# WORK TO COMPLETE
Repeat all of the data below word for word, keeping no images.

# SOURCE MATERIAL
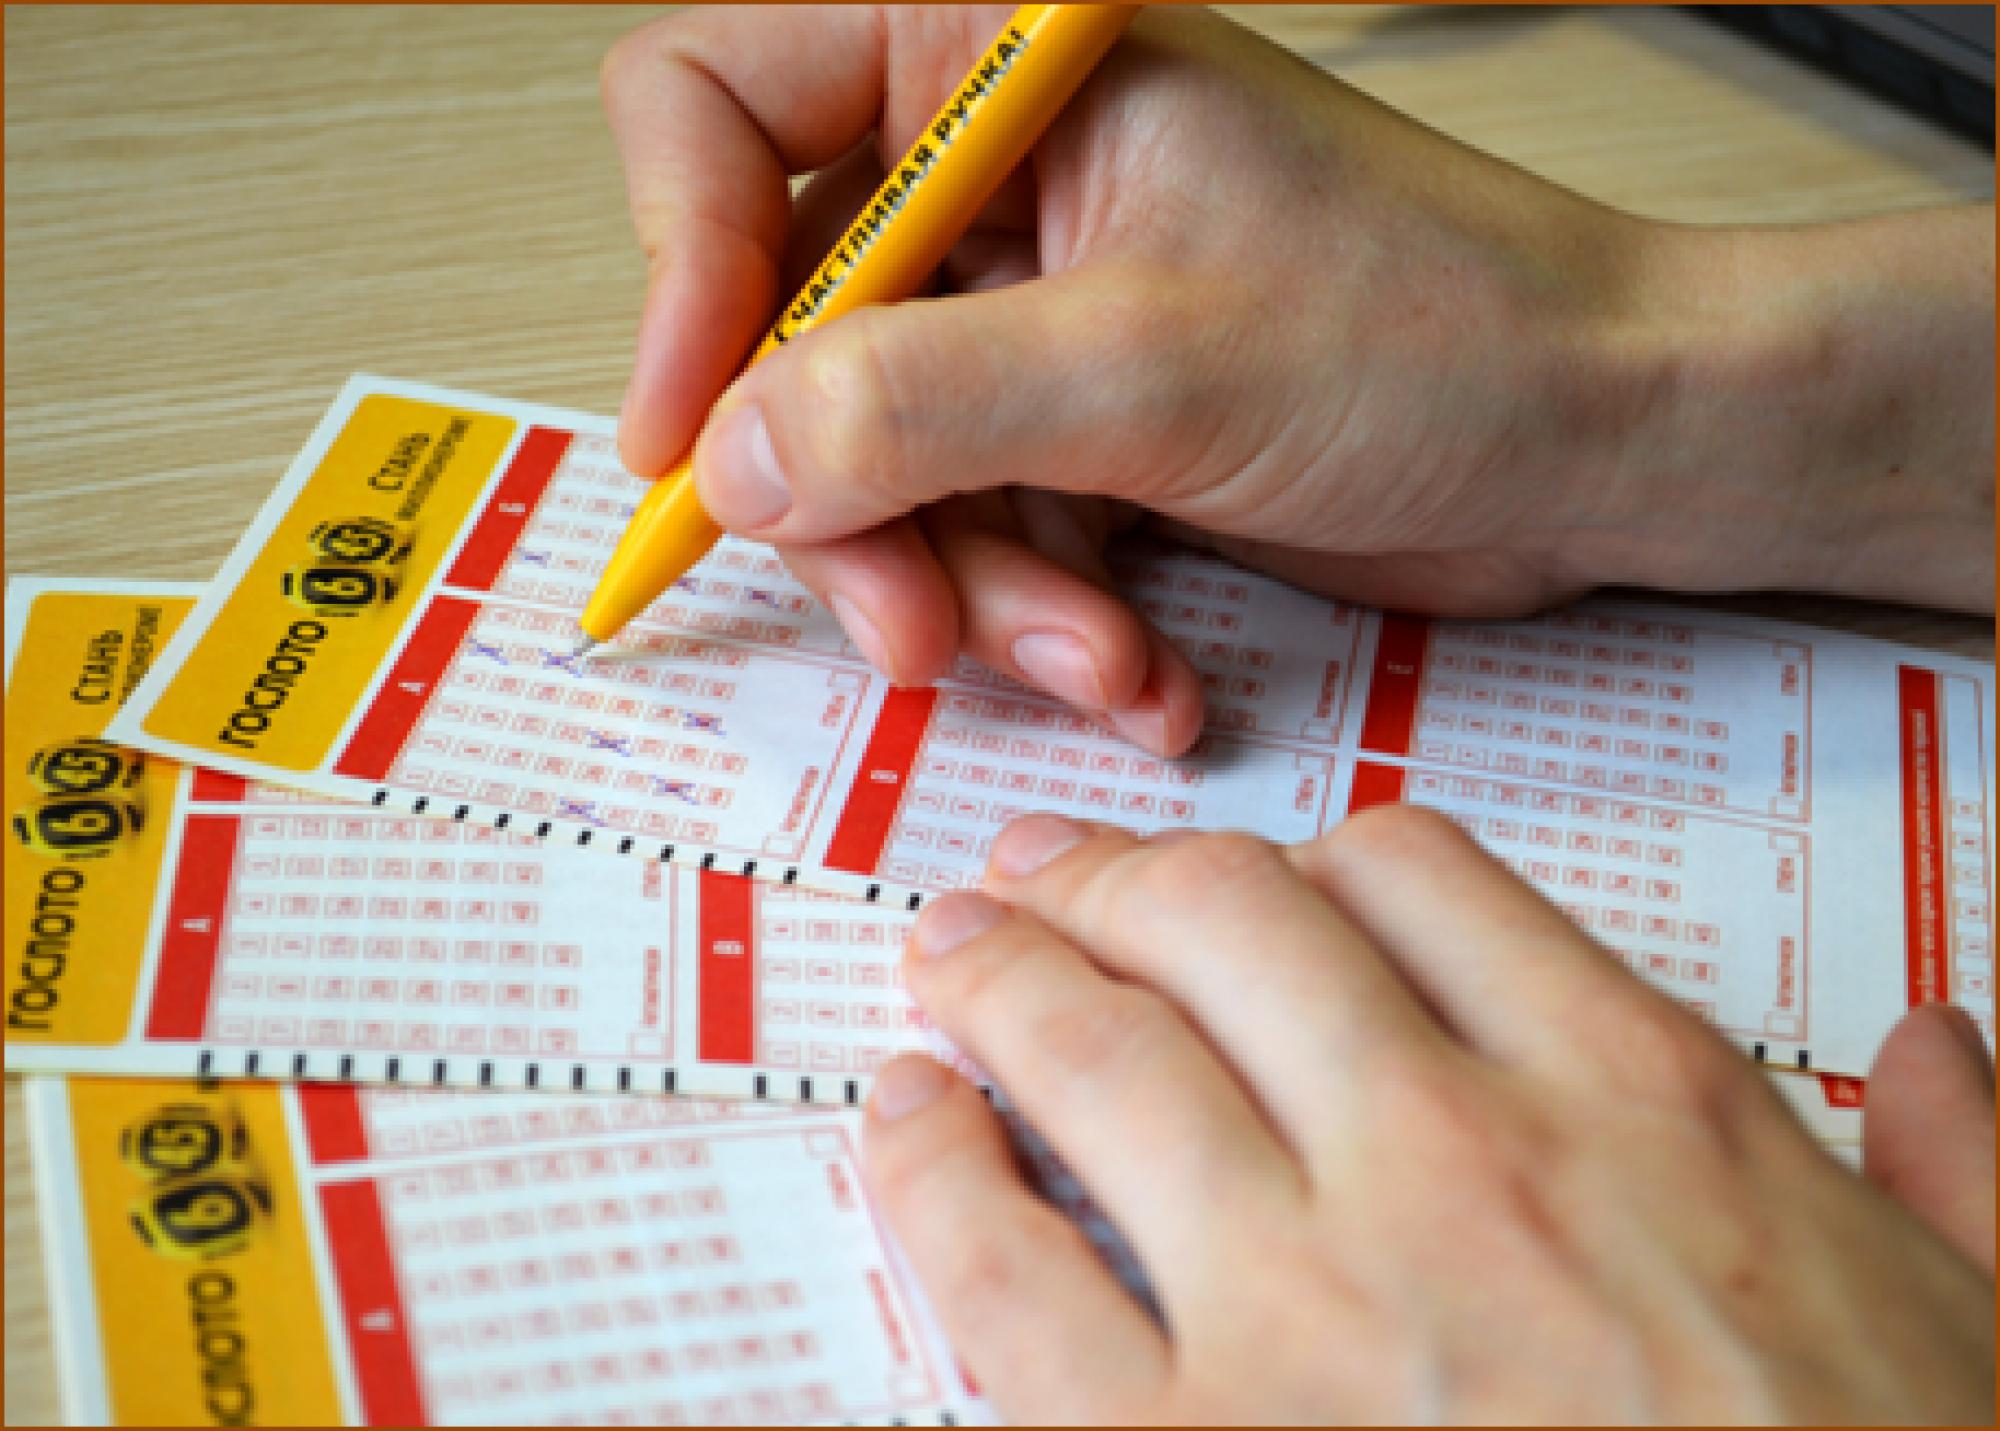 Как играть в столото по билету – правила игры, условия и подробная инструкция
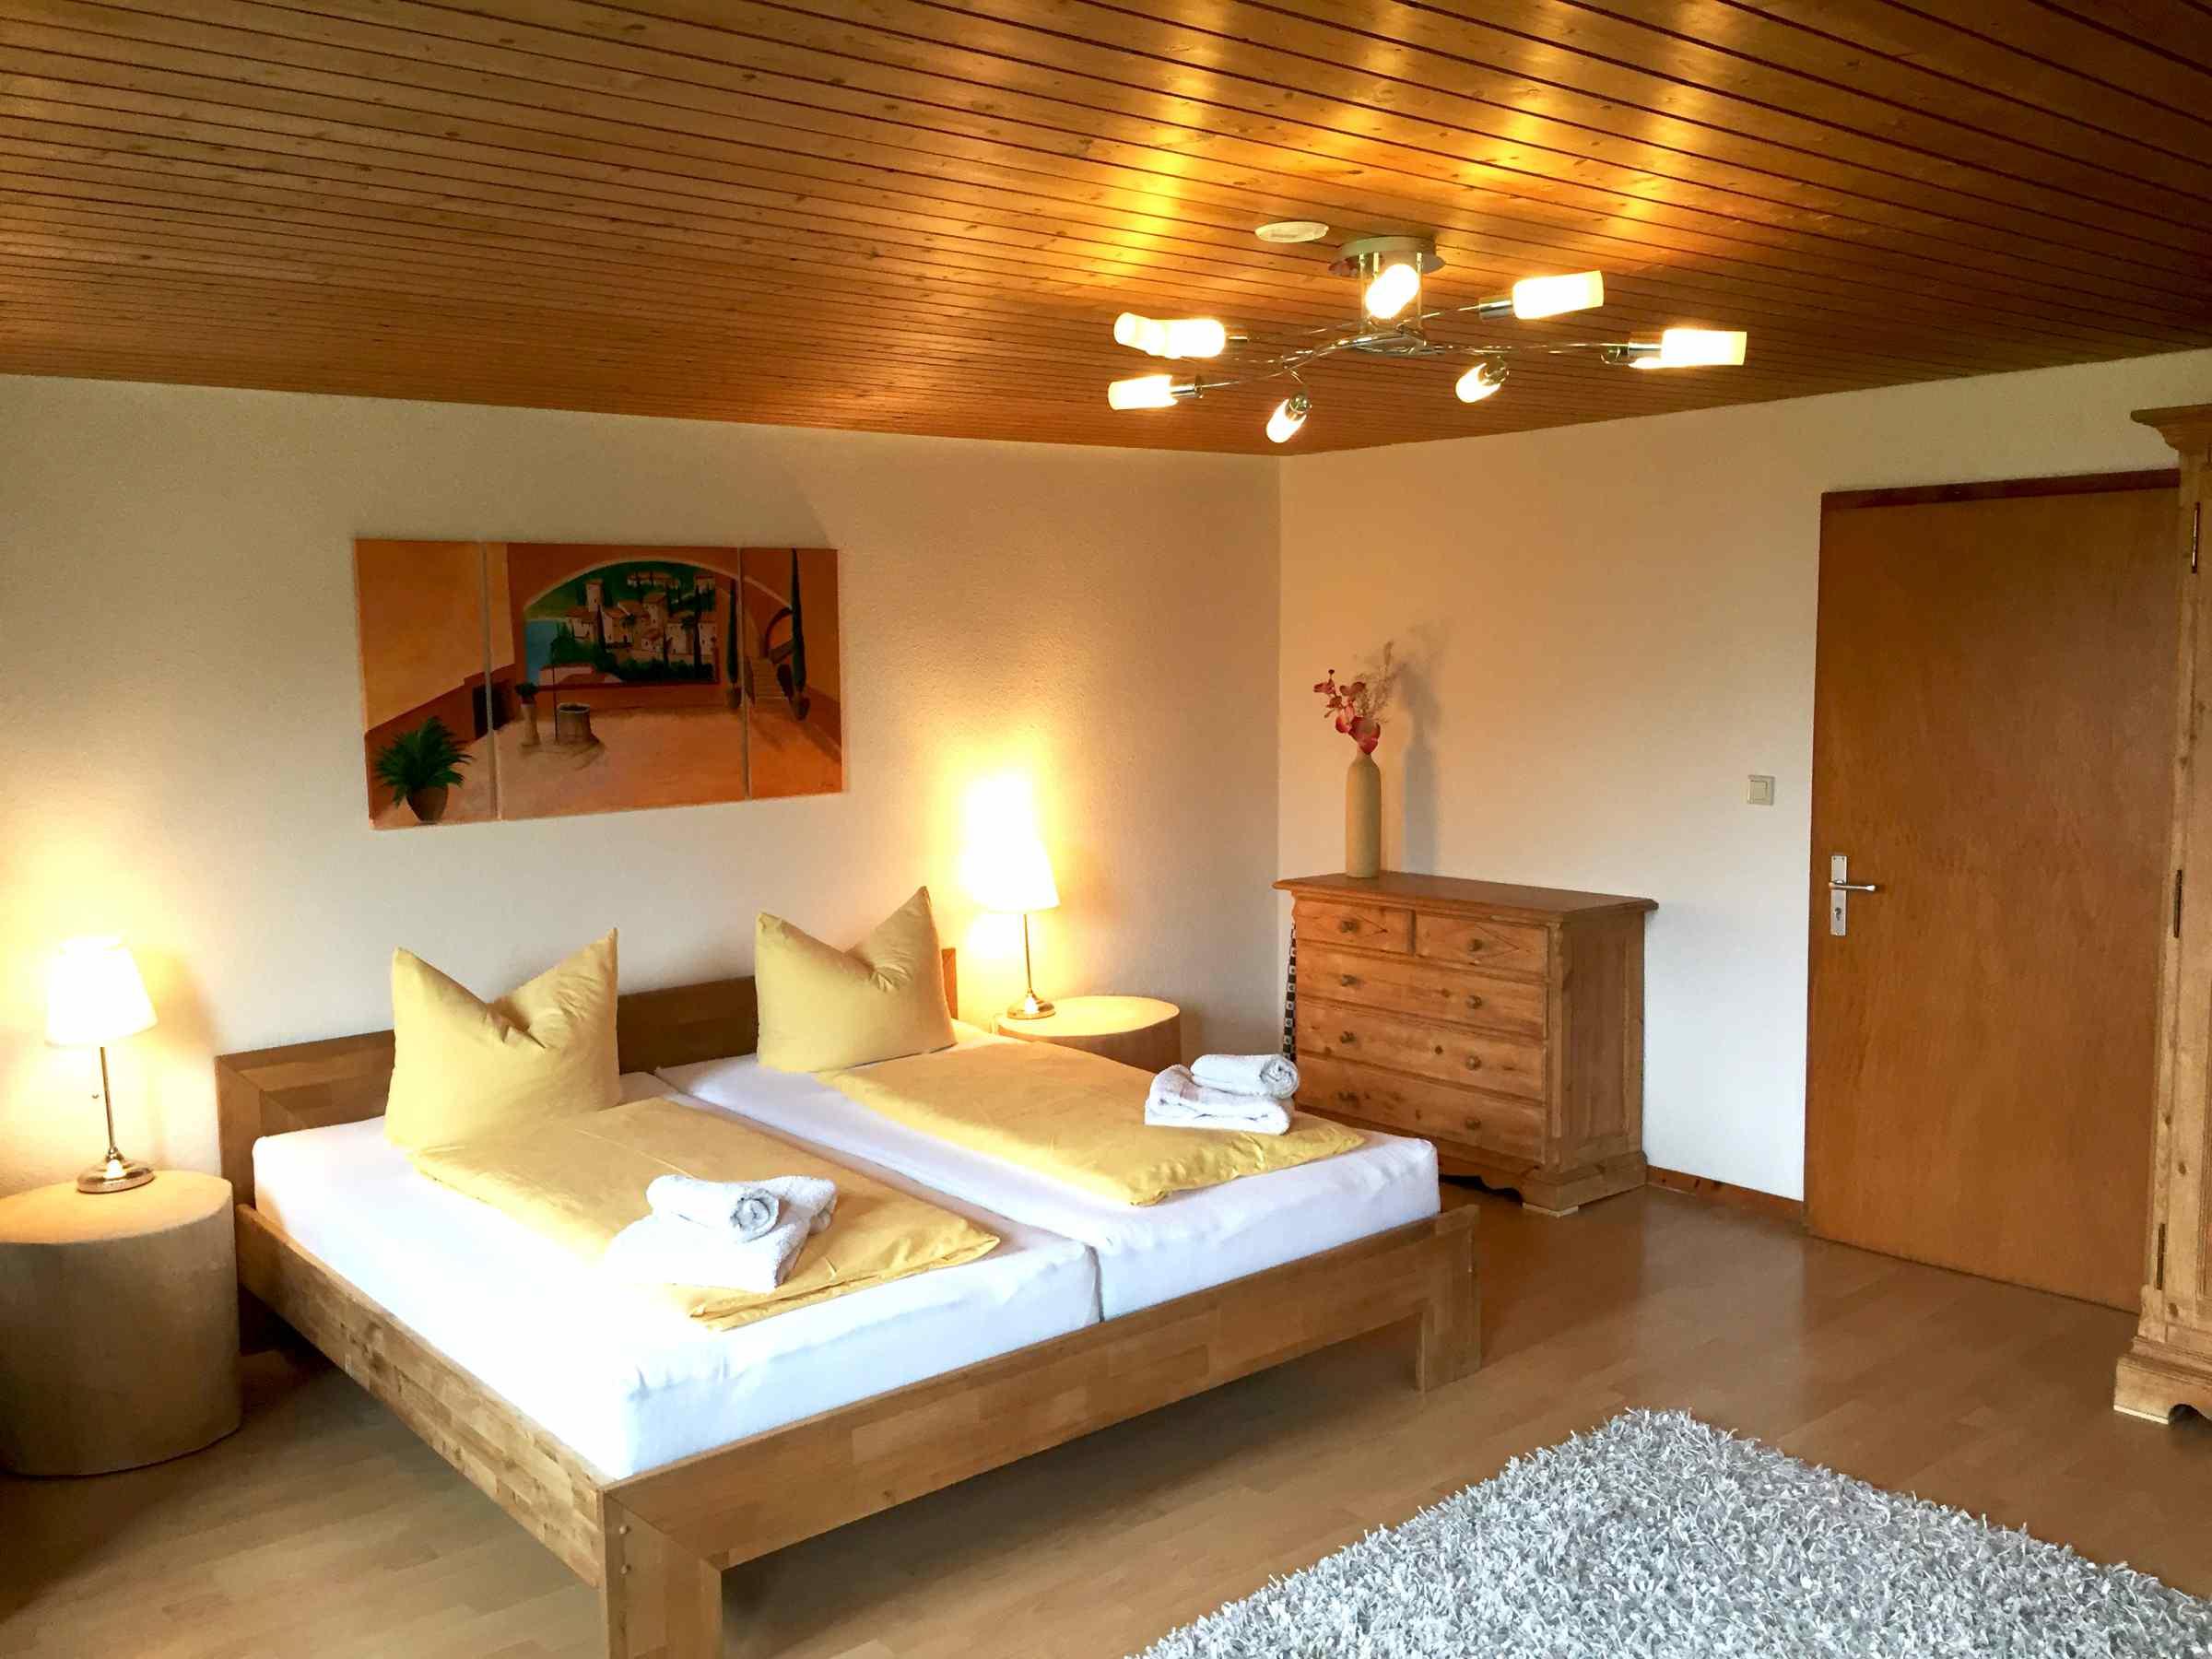 Ferienwohnung Storzenhof, (Unterkirnach). Ferienwohnung, 140qm, 3 Schlafzimmer, max. 8 Personen (2790199), Unterkirnach, Schwarzwald, Baden-Württemberg, Deutschland, Bild 39
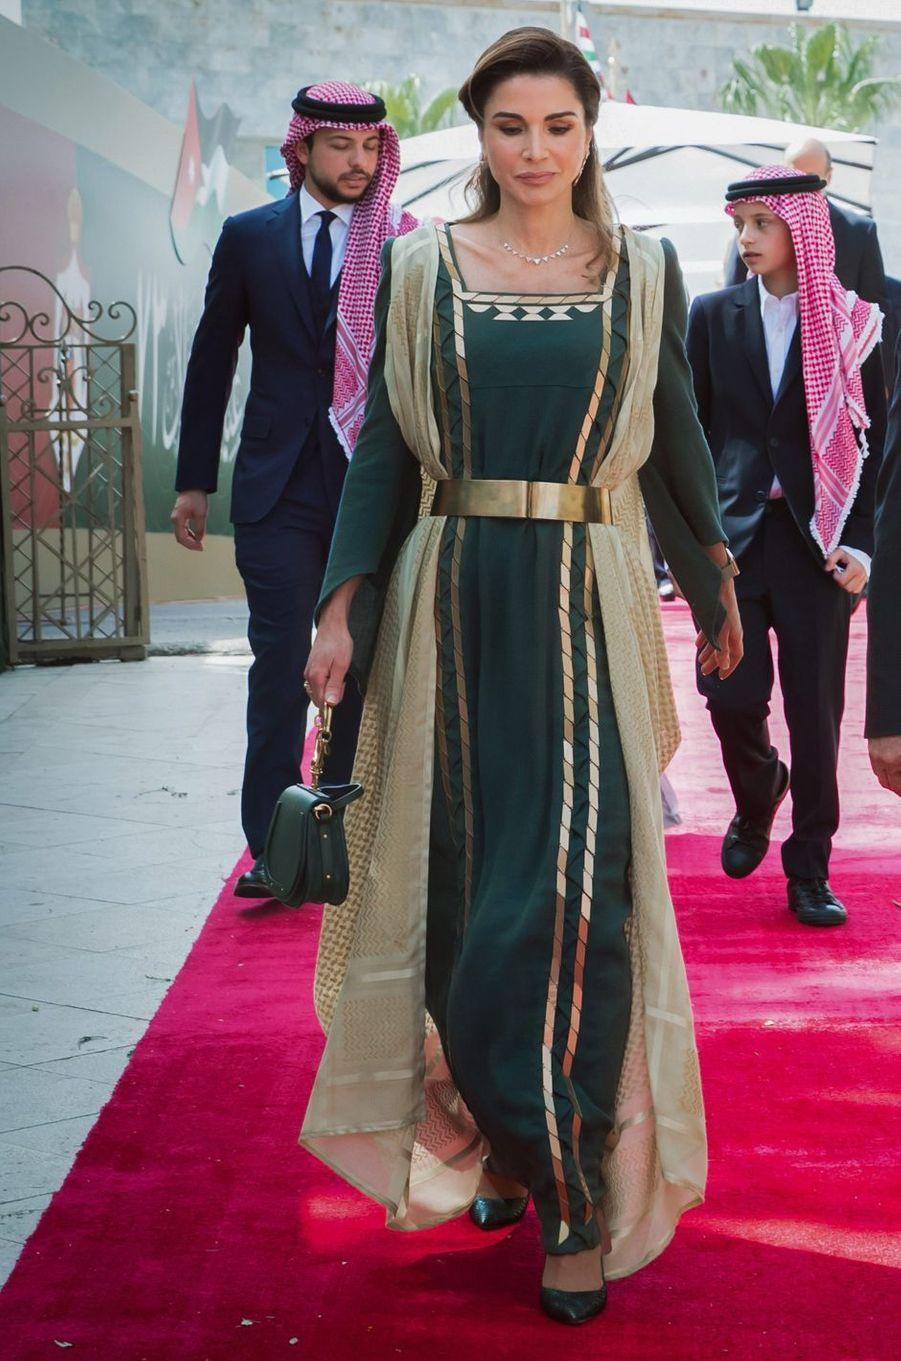 La reine Rania de Jordanie dans une robe Fedaa Assaf, le 25 mai 2019 à Amman

# ANSWER AREA
 Как играть в столото по билету – правила игры, условия и подробная инструкция
 Ferienwohnung Storzenhof, (Unterkirnach). Ferienwohnung, 140qm, 3 Schlafzimmer, max. 8 Personen (2790199), Unterkirnach, Schwarzwald, Baden-Württemberg, Deutschland, Bild 39
 La reine Rania de Jordanie dans une robe Fedaa Assaf, le 25 mai 2019 à Amman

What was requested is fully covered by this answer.